--- THE DATA ---

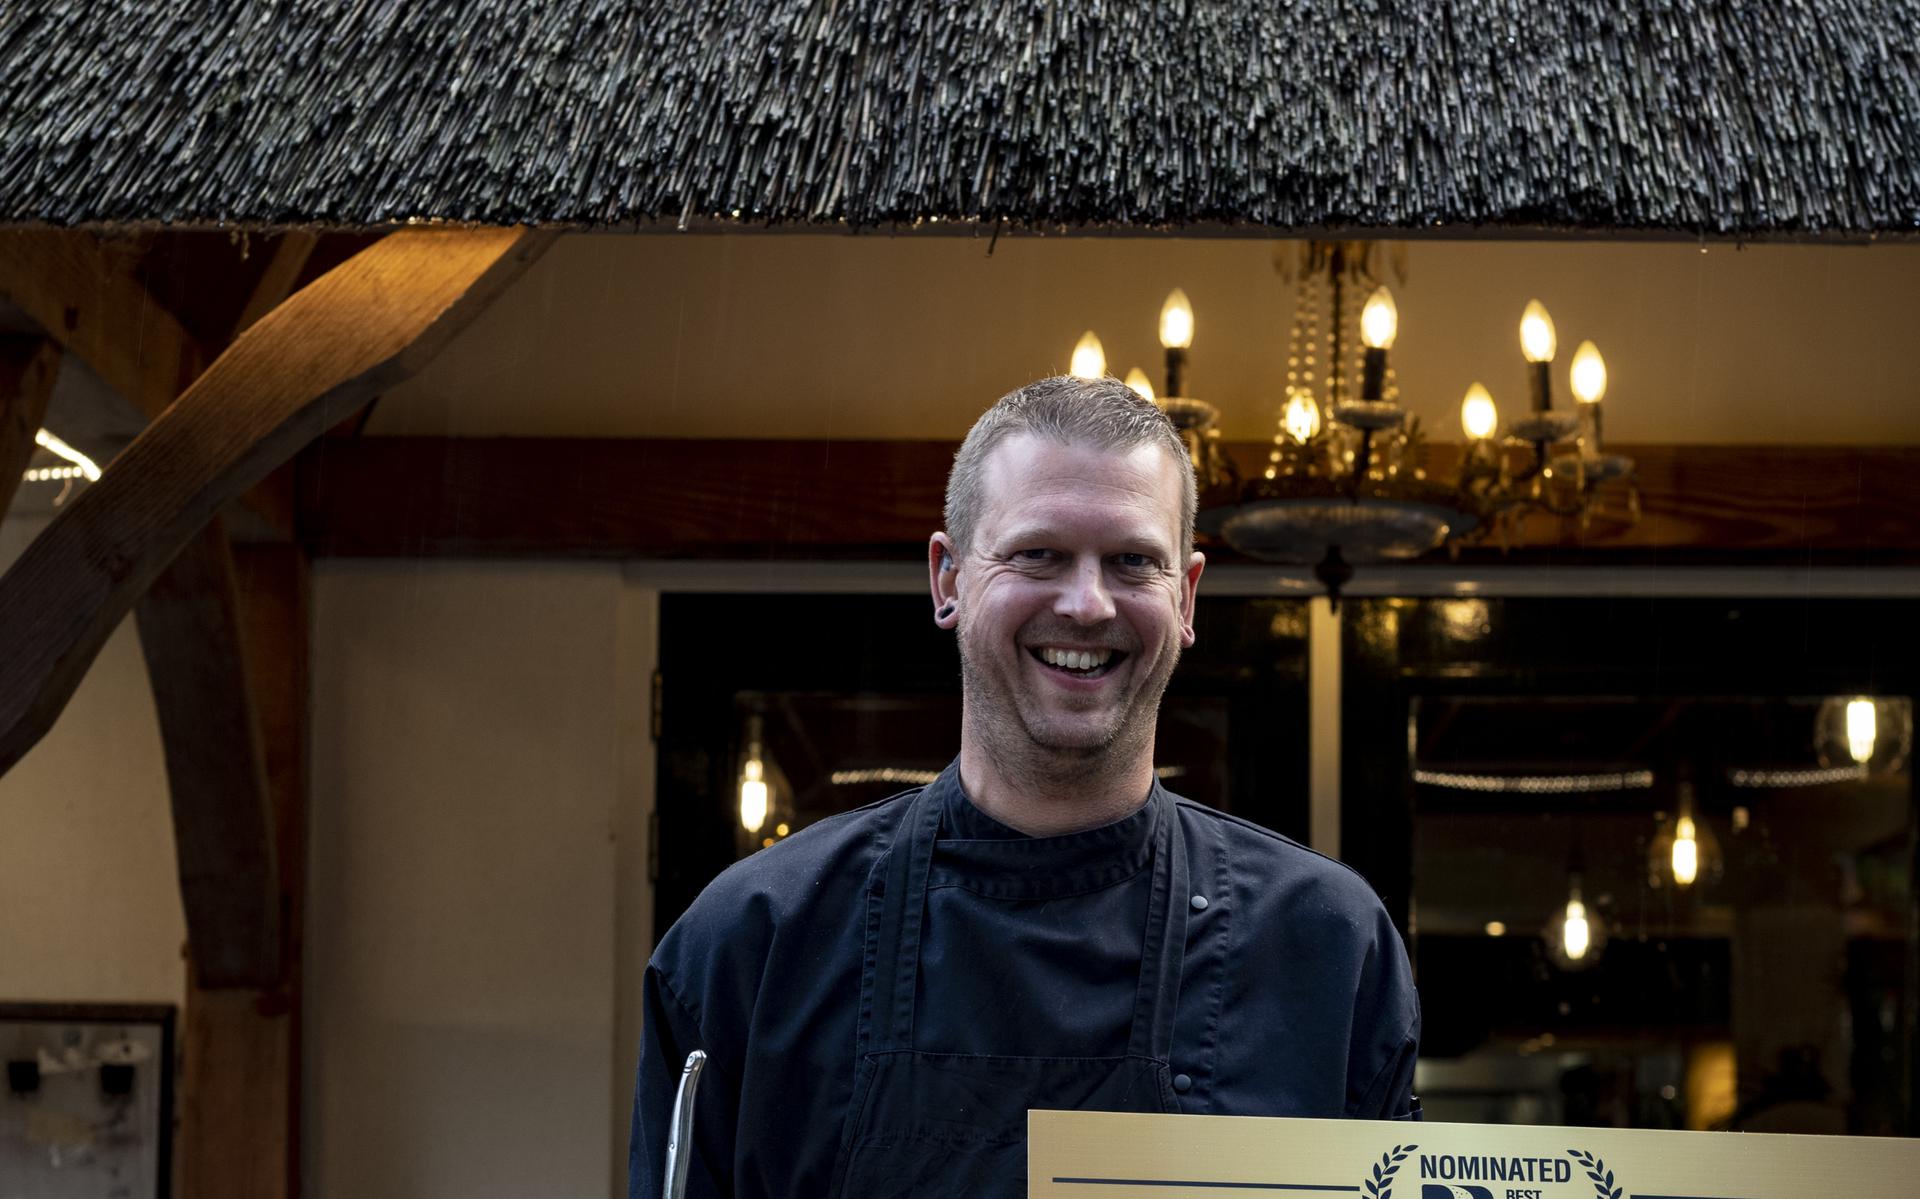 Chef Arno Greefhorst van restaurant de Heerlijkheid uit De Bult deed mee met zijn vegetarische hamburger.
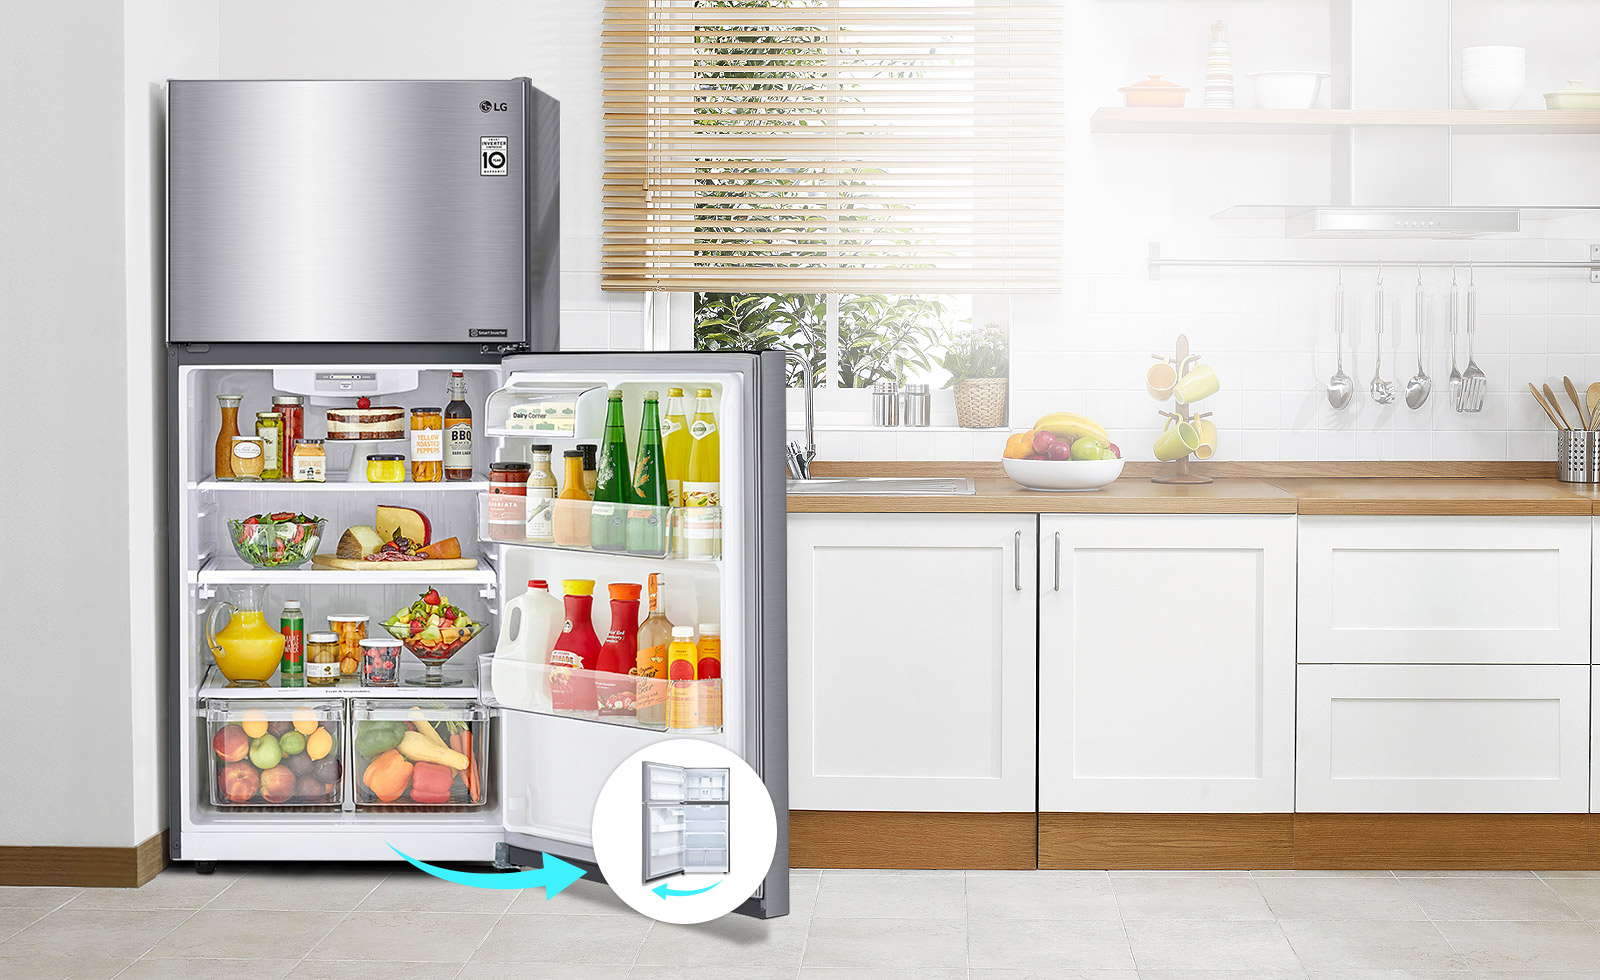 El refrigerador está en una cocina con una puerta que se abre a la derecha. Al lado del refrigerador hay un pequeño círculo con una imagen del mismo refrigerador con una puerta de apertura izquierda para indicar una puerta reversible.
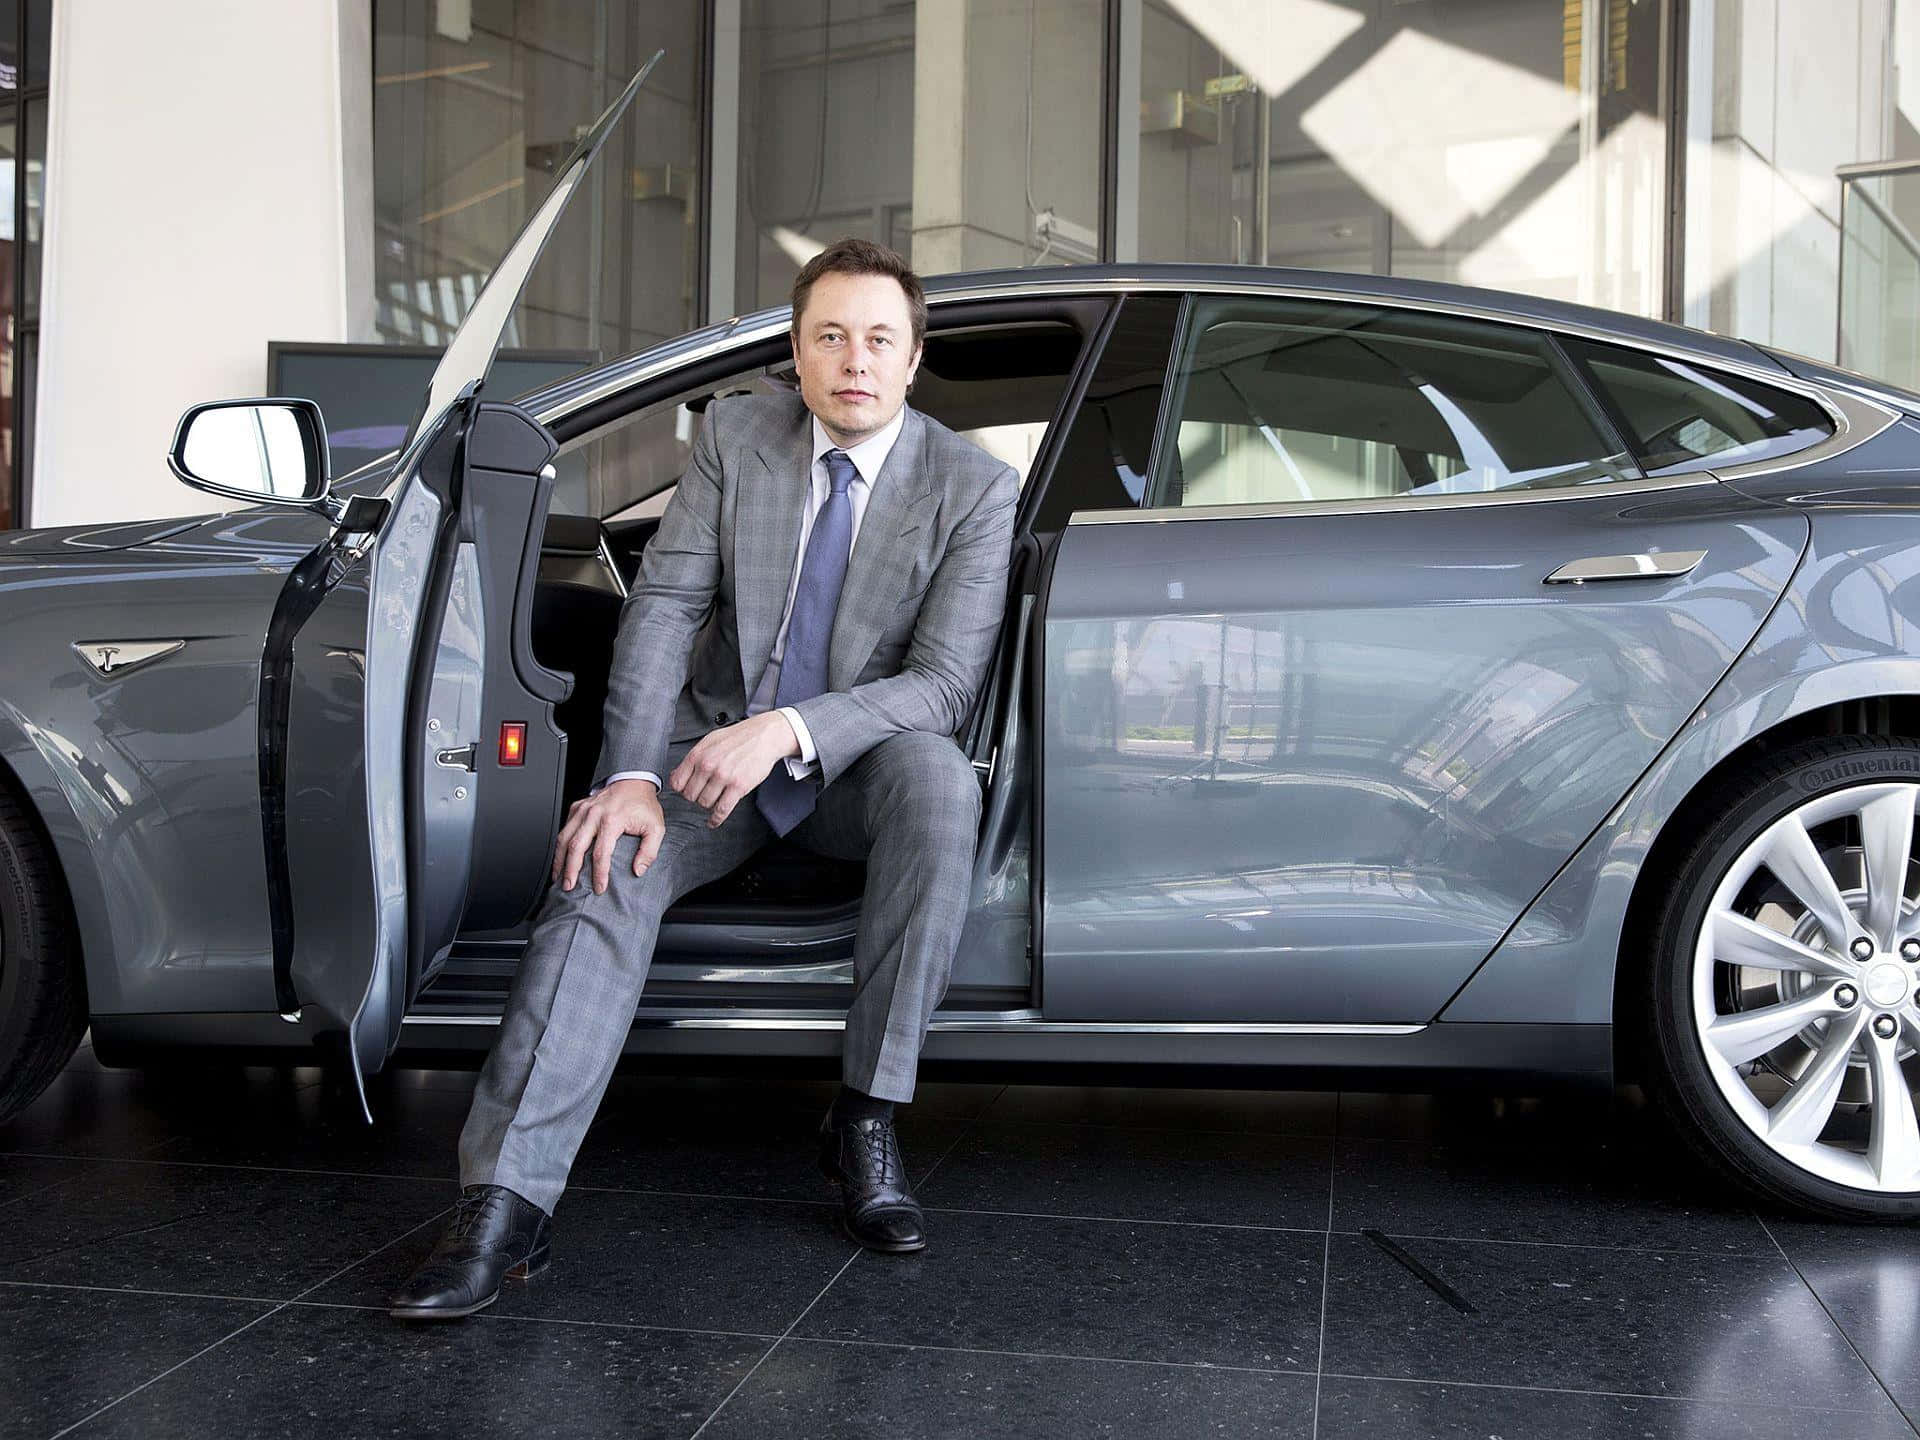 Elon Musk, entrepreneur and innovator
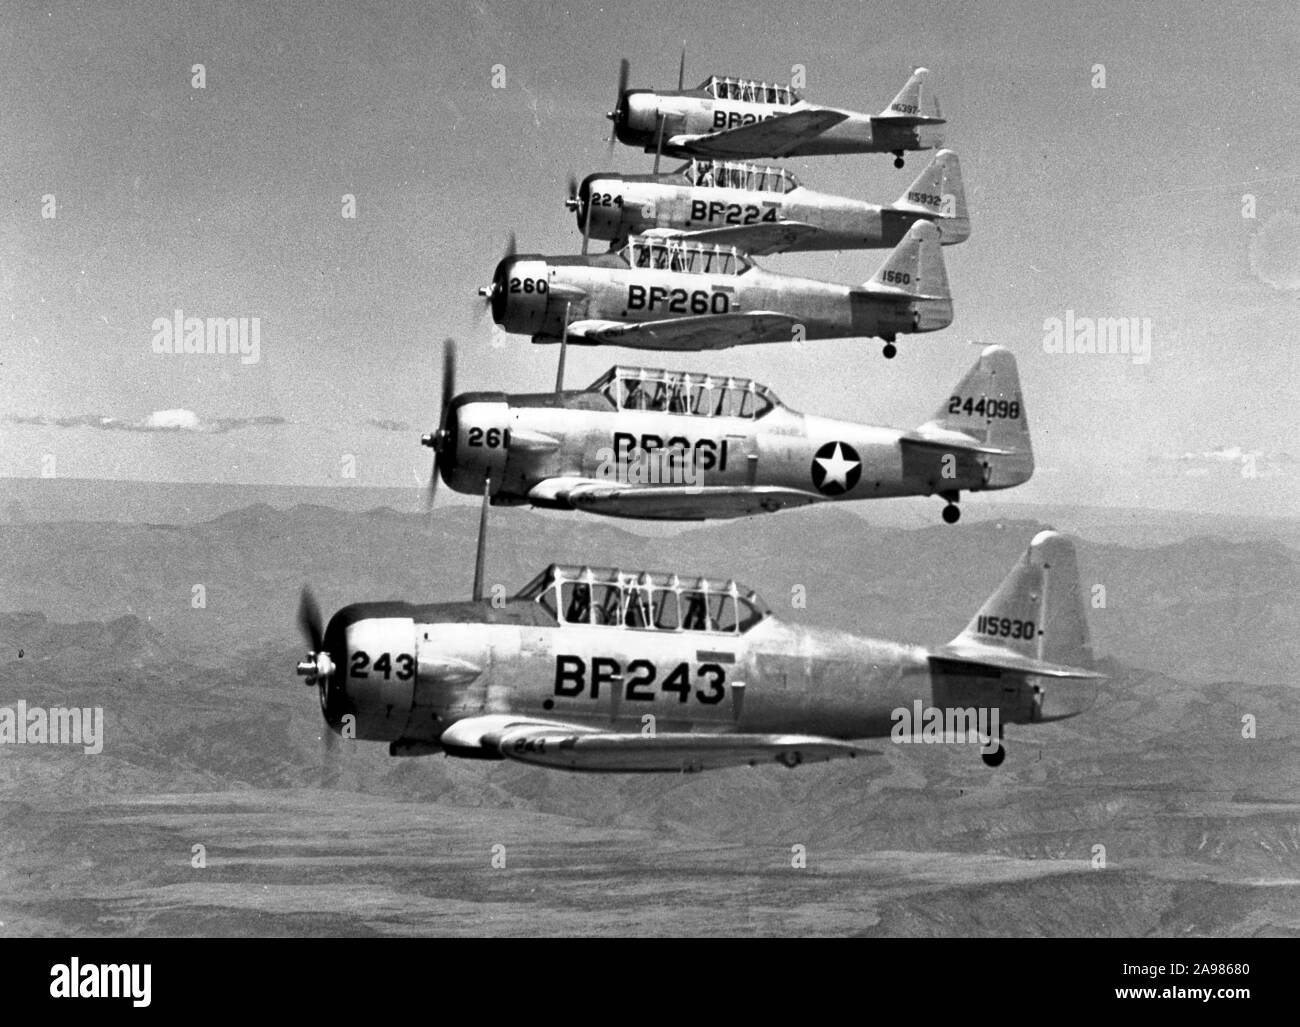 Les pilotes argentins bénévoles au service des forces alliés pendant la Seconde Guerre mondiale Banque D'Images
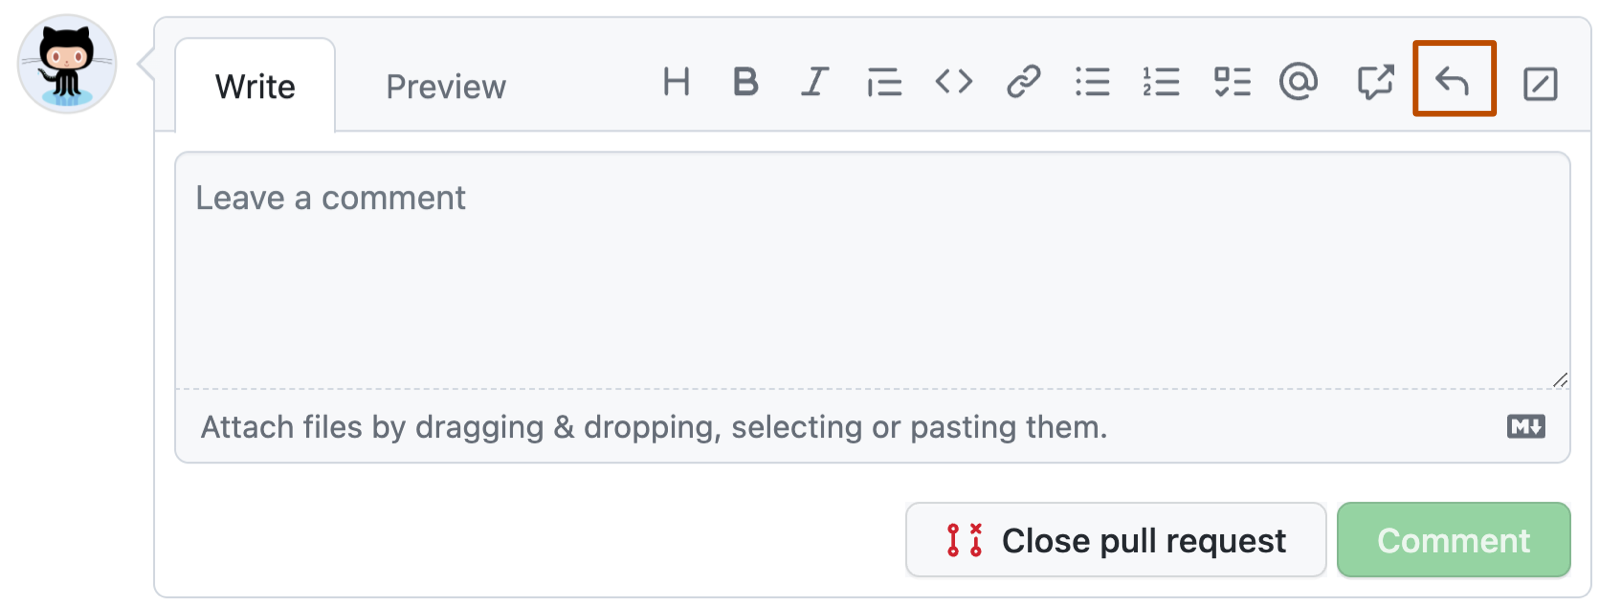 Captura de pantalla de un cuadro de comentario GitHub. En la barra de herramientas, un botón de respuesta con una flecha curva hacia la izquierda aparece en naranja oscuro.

---

ACTIVITY:
With the images omitted, return the full material exactly.

ANSWER SECTION:
 Chef Arno Greefhorst van restaurant de Heerlijkheid uit De Bult deed mee met zijn vegetarische hamburger.
 El refrigerador está en una cocina con una puerta que se abre a la derecha. Al lado del refrigerador hay un pequeño círculo con una imagen del mismo refrigerador con una puerta de apertura izquierda para indicar una puerta reversible.
 Elon Musk, entrepreneur and innovator
 Les pilotes argentins bénévoles au service des forces alliés pendant la Seconde Guerre mondiale Banque D'Images
 Captura de pantalla de un cuadro de comentario GitHub. En la barra de herramientas, un botón de respuesta con una flecha curva hacia la izquierda aparece en naranja oscuro.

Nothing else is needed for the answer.